LIM1 is required to induce the initial stages of patterning in the renal vesicle, by controlling the expression of the POU-domain transcription factor BRN1 and the Notch ligand DLL1 at the pole of the vesicle that lies in close proximity to the ureter (11, 34). DLL1 contributes via NOTCH2 in the specification of the proximal tubule fate (12, 35). Under the control of transcription factors BRN1 and Iroquois-class homeodomain proteins IRX 1–3, distal segments further extend and differentiate towards distal tubule and the Henle’s loop (46, 49, 76) (Fig. 1). Brn1–/– mutant mice show disrupted development of the Henle’s loop and formation of distal convoluted tubules (46). In X. laevis, a subset of Irx transcription factors (Irx1, Irx2 and Irx3) are specifically expressed in a medial zone of the developing pronephric anlagen, which will give rise to the intermediate tubule. Loss- and gain-of-function experiments in X. laevis revealed that Irx3 (but not Irx1 or Irx2) is required and sufficient to direct early distal tubule fate (49). In the mouse, expression of the same subset of Irx genes marks the future early distal tubule compartment in the S-shaped bodies of the developing metanephros. However, the function of Irx proteins in mouse kidney patterning remains to be defined and may be redundant, since Irx-2 null mutant are phenotypically normal (37).

The p53 family regulates both cell cycle progression and terminal differentiation markers

The p53 gene encodes a sequence-specific DNA-binding protein/tumor suppressor that maintains genomic integrity via its ability to induce cell cycle arrest or apoptosis, depending on the type and magnitude of the stress and the cell type (47, 71). Previous studies have demonstrated a developmental role for p53 in several organisms including Xenopus (2, 23, 64, 65, 69), and mouse (13, 16, 18, 19, 21, 32, 38, 39, 44, 59). We recently reported that terminal nephron differentiation is accompanied by p53 phosphorylation and acetylation, protein stabilization, and enhanced DNA binding activity (54). Moreover, we identified several terminal differentiation genes, including the bradykinin B2 receptor (Bdkrb2), aquaporin-2 (AQP-2), Na,K-ATPase a1, and angiotensin II type 1 receptor (Agtr1), as a novel group of p53-target genes (42, 52, 54) (Fig. 2). In contrast, the proliferating cell nuclear antigen (PCNA), which encodes a protein expressed in dividing cells and is necessary for cell cycle progression and DNA replication, is directly repressed by p53, and is therefore excluded from the differentiation zone of the developing renal cortex (55). In keeping with these findings, we found that p53-deficient newborn mice exhibit persistent renal cell proliferation, impaired cell cycle control, and disorganized spatial expression of nephron differentiation markers (17, 24). Interestingly expression of terminal differentiation genes is attenuated but not abrogated in p53-null kidneys (52), raising the possibility of compensatory regulation by other developmentally regulated transcription factors with overlapping functions.

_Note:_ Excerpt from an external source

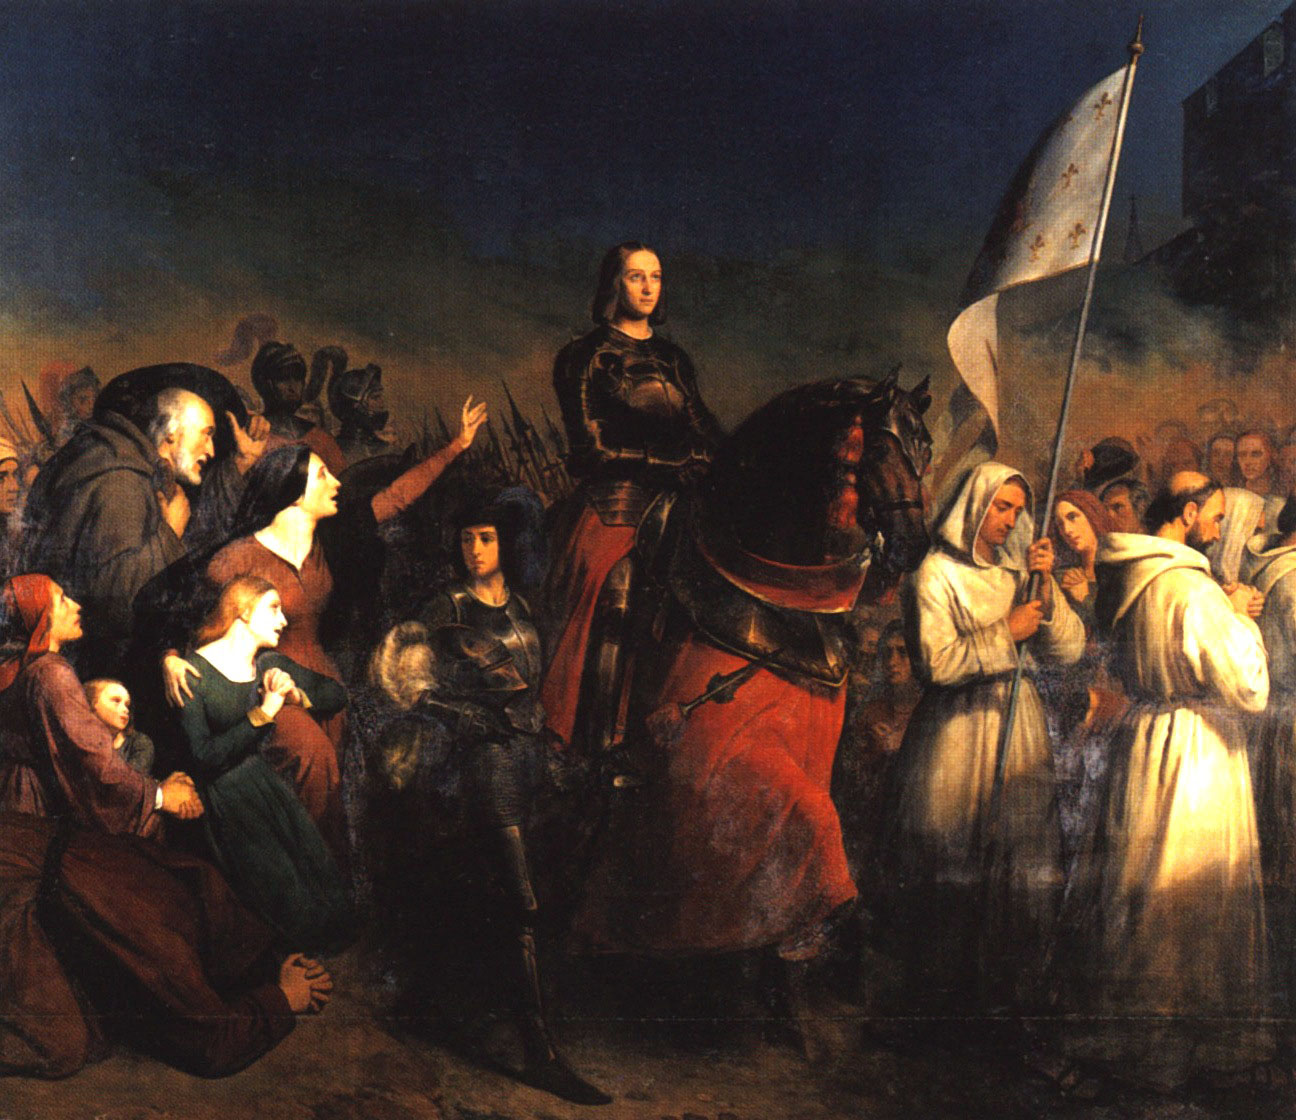 Анри Шиффер. "Въезд Жанны д'Арк в Орлеан 8 мая 1429 года". 1843.

Figure 2. Role of p53 family in terminal nephron differentiation.

Figure 2

A. Terminal nephron differentiation is accompanied by p53 stabilization and enhanced DNA binding activity (J Clin Invest 109: 1021-1030, 2002). In the nephrogenic zone, p53 levels are kept low since p53 is repressed transcriptionally by Pax2 (EMBO J 14: 5638-45, 1995). The promoter of proliferating cell nuclear antigen (PCNA), which encodes a protein expressed in dividing cells and is necessary for cell cycle progression and DNA replication, is directly repressed by p53, and is therefore excluded from the differentiation zone (Am J Physiol Renal Physiol 283: F727-733, 2002). The genes encoding the CDK inhibitor, p21 (Cip1/Waf1) and KLF4, are direct targets of p53 (Cell 75: 817-825, 1993; J. Biol. Chem. 278: 2101-2105, 2003). In the differentiating zone, p53 binds to the promoters of terminal differentiation genes (also called renal function genes), including the bradykinin B2 receptor, aquaporin-2, and Na,K-ATPase a1. All of these genes have composite cis-regulatory elements for p53, KLF4 and CREB. B. Angiotensin II, acting via AT1 receptor-mediated signaling, stimulates the phosphorylation of CREB on Ser-133. The latter modification allows CREB to interact with p53 and the co-activator CBP. CBP acts as a bridging molecule with the basal transcriptional machinery as well as a histone acetyltransferase. The end result is enhanced BdkrB2 transcription (J Am Soc Nephrol 18: 1140-1149, 2007). C. p53 and its homologue p73 are capable of binding to the promoters of renal function genes and activating their expression. This function requires additional transcription factors including KLF4 or Foxi1. Fig. 2A is adapted with permission from Am J Physiol Renal Physiol 283: F727-733, 2002.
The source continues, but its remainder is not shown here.